Несколько секунд Пуриэль молча смотрел на безумные огни консоли. Он знал, что там происходит. Коды, которые он передавал, а также корабль, на котором он летал, были слишком высокого уровня, чтобы они могли рискнуть сбить его без какого-либо подтверждения того, что он действительно представляет угрозу. Однако чем дольше он не отвечал на их оклик, тем больше они нервничали. Было изящным искусством позволить людям просто волноваться настолько, чтобы они были рады, что он отвечает, но не настолько волноваться, что они сделают какую-нибудь глупость.
Наконец он согласился, активировав связь. Не протягивая руку, чтобы нажать кнопку или что-то столь же обыденное, а направляя достаточно энергии через консоль с помощью его собственной способности Тартара. Электроникой было достаточно легко манипулировать, правильно пропуская через нее электричество. Особенно для такой простой вещи, как включение радио.
«Теперь смотри, — тут же выпалил старый Сеостен, появившийся перед ним на голоэкране, как только связь была установлена, — я хочу точно знать, кем ты себя считаешь… ты…» Он замолчал, его глаза наконец-то получил полный ответ на свое полувысказанное требование.
— Никал, — спокойно произнес Пуриэль, его грозово-серый взгляд не выдавал никаких эмоций. «Похоже, что вы все-таки не на объекте на Клипеус-Септеме. Надеюсь, они правильно перенаправляют вашу почту».
Говоря такие вещи, вещи, которые быстро бросали вызов тому, что люди, с которыми он разговаривал, могли бы
ожидать
сказать ему, были хорошим способом вывести их из равновесия, как обнаружил Пуриэль. А люди, которые были неуравновешены, с гораздо большей вероятностью были случайно честными. Или, по крайней мере, менее подготовлены к своей лжи. Это заставляло их спотыкаться, и в их спотыкании он мог узнать важные вещи.

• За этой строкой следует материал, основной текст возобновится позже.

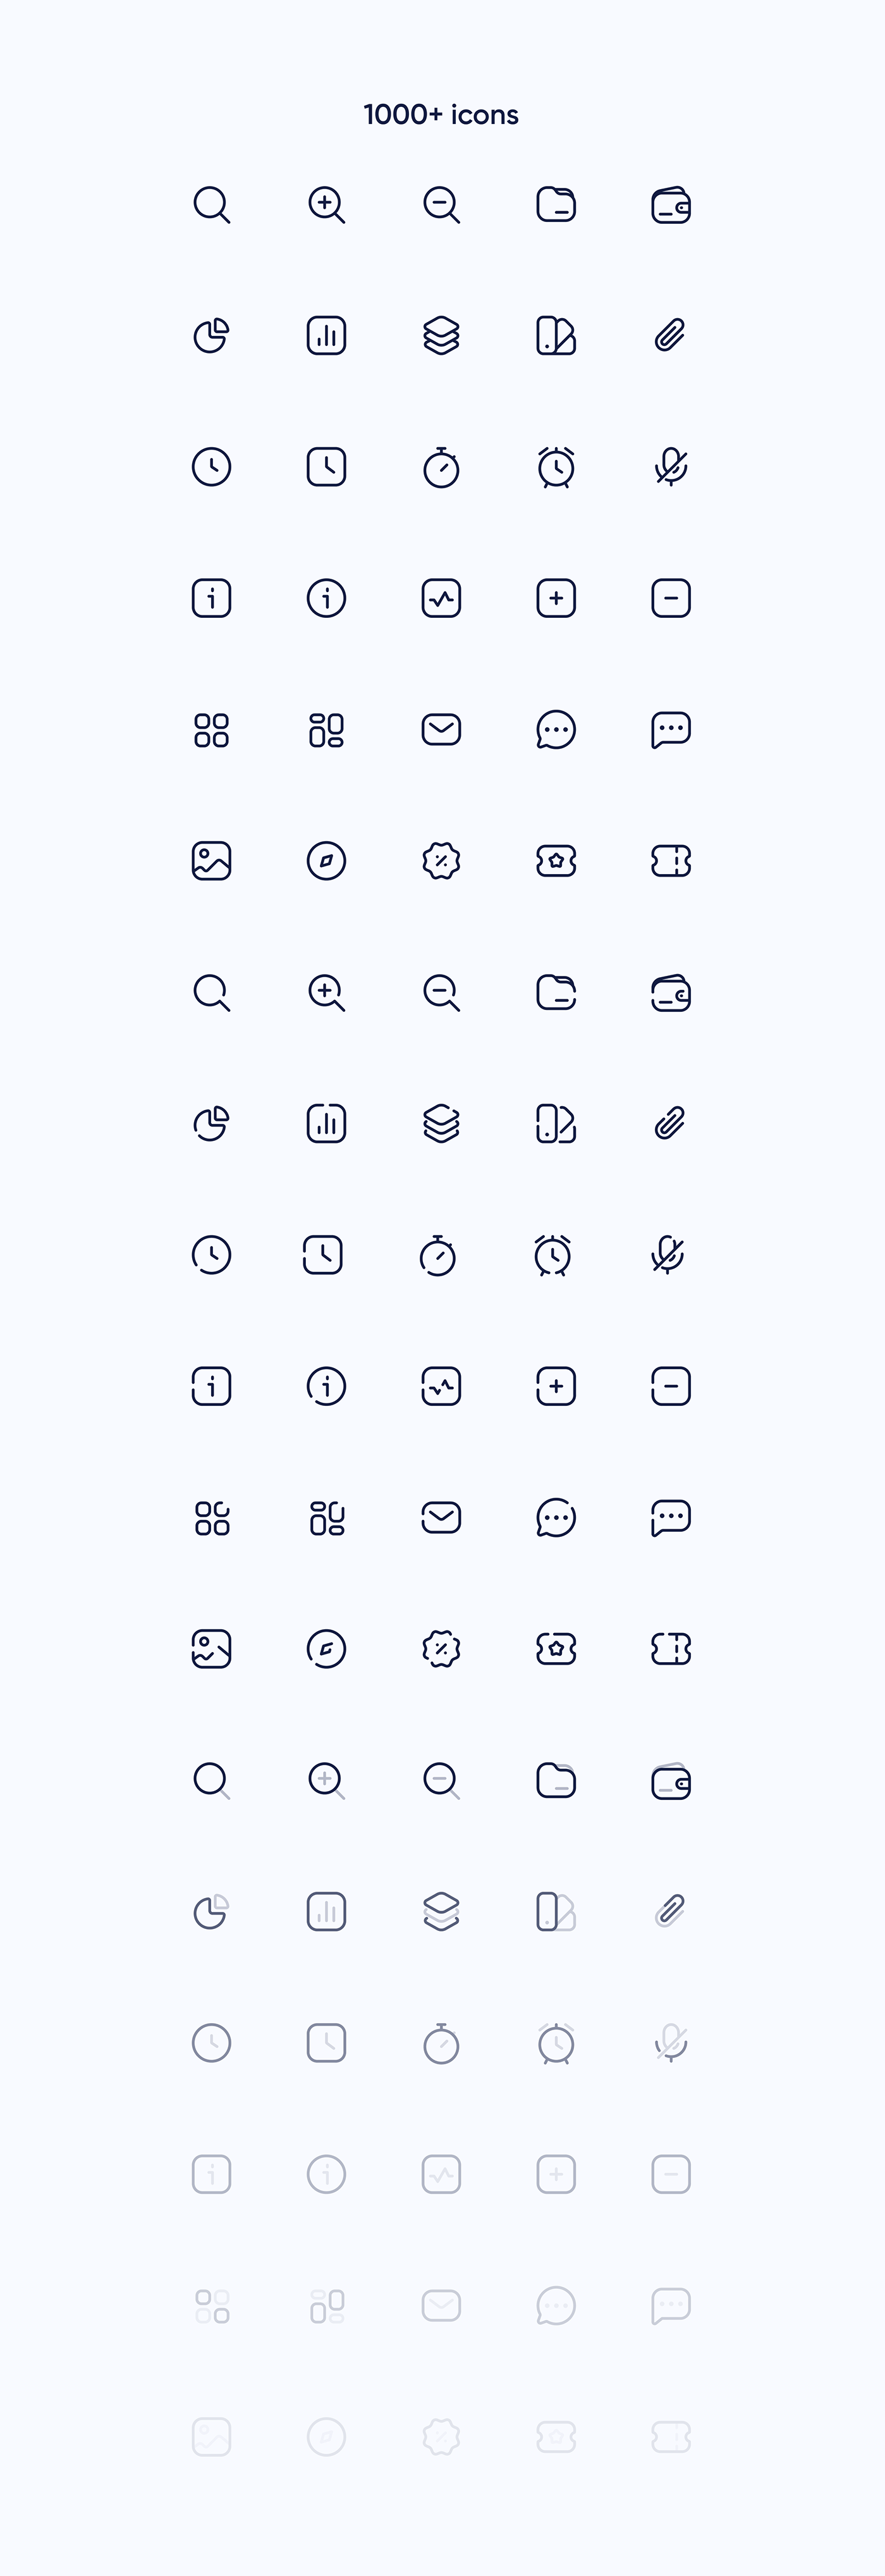 app Figma free freebie Icon icons portfolio presentation icon pack icon set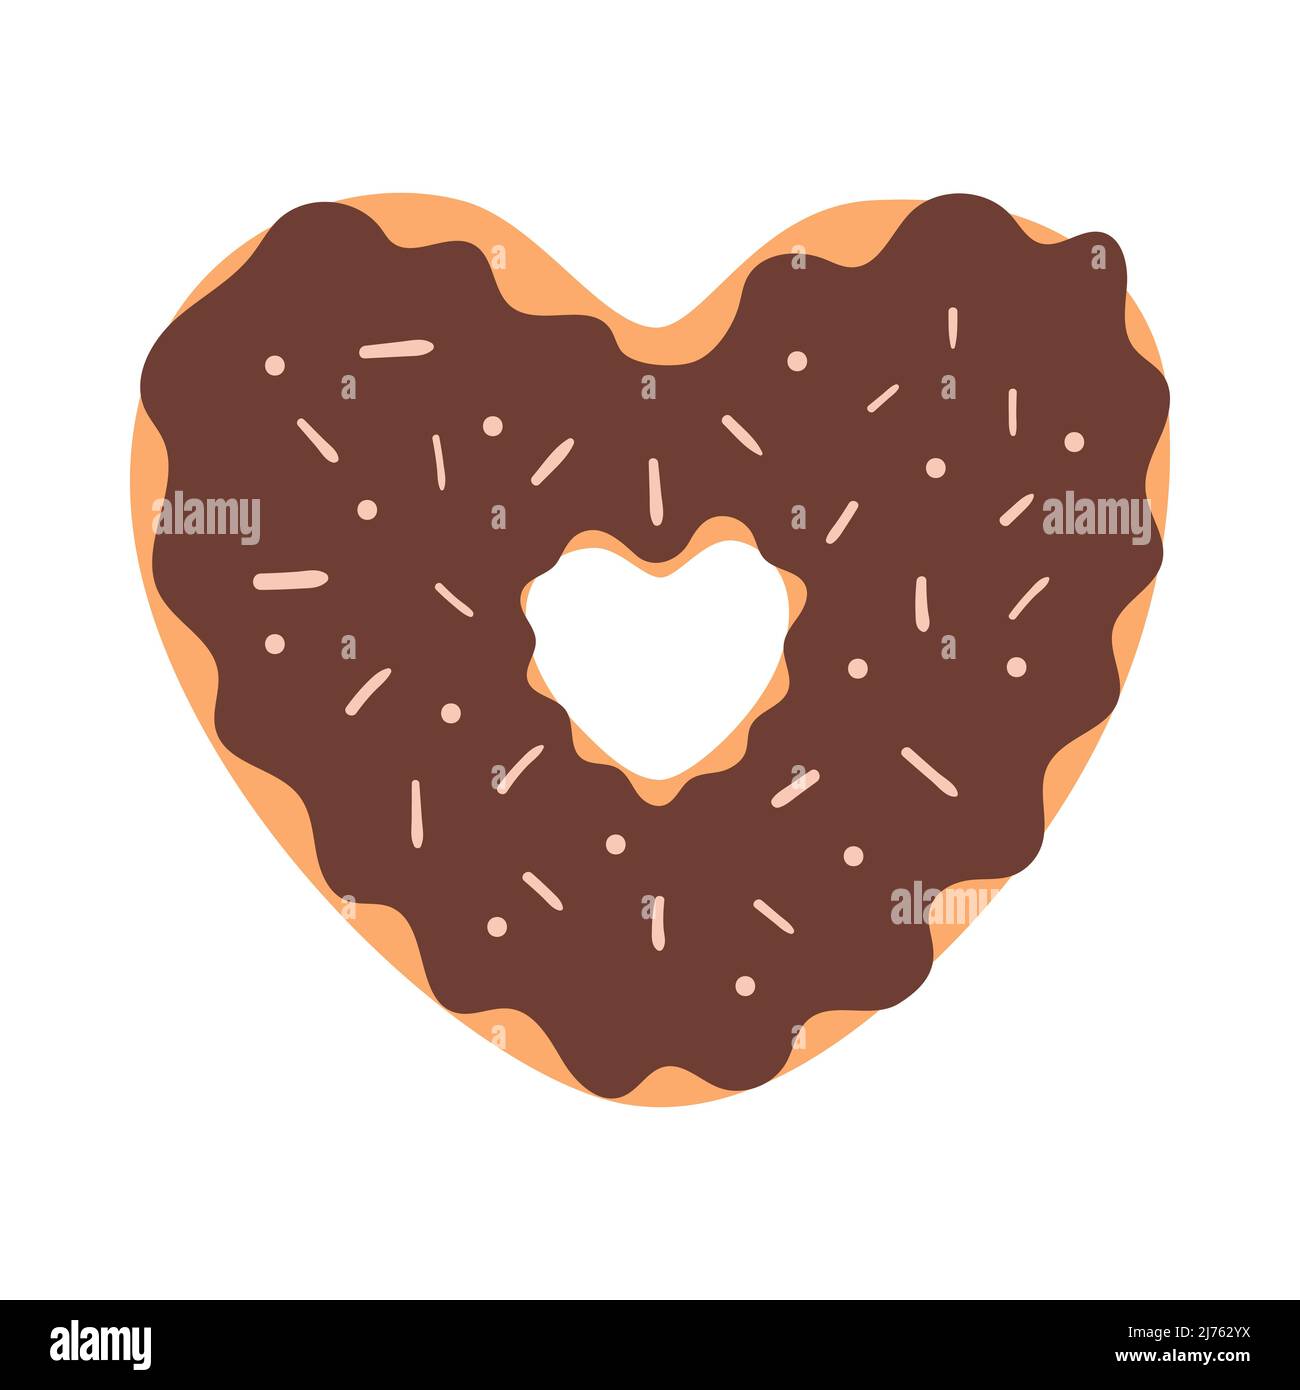 Un donut en forma de corazón con glaseado de chocolate y espolvoreado. Comida dulce, pasteles. Elemento decorativo para tarjetas de San Valentín. Simple vect de color plano Ilustración del Vector

В данном случае пожилой (к этому моменту он уже был близок к окончательному выходу на пенсию) Сеостен на голоэкране неуверенно откашлялся. «Ах, да, я… то есть Триерарх
Пуриэль, я подготовлю посадочную площадку к твоему приезду. Позаботьтесь, ах, не промокните.
Когда мужчина сказал это, в океане внизу, прямо перед островом, где стоял маяк, открылась дыра. Силовые поля от дна океана до поверхности активировались, распространяясь наружу, чтобы вытолкнуть воду из круглого отверстия, которое в конечном итоге стало достаточно широким, чтобы пройти через него бок о бок несколько кораблей Пуриэля. Беглый взгляд на сканер показал ему, что проход в океан соединяется с металлическим туннелем в его полу. Туннель, казалось, вел еще километров на двадцать в глубину, за пределы диапазона пассивного сканирования.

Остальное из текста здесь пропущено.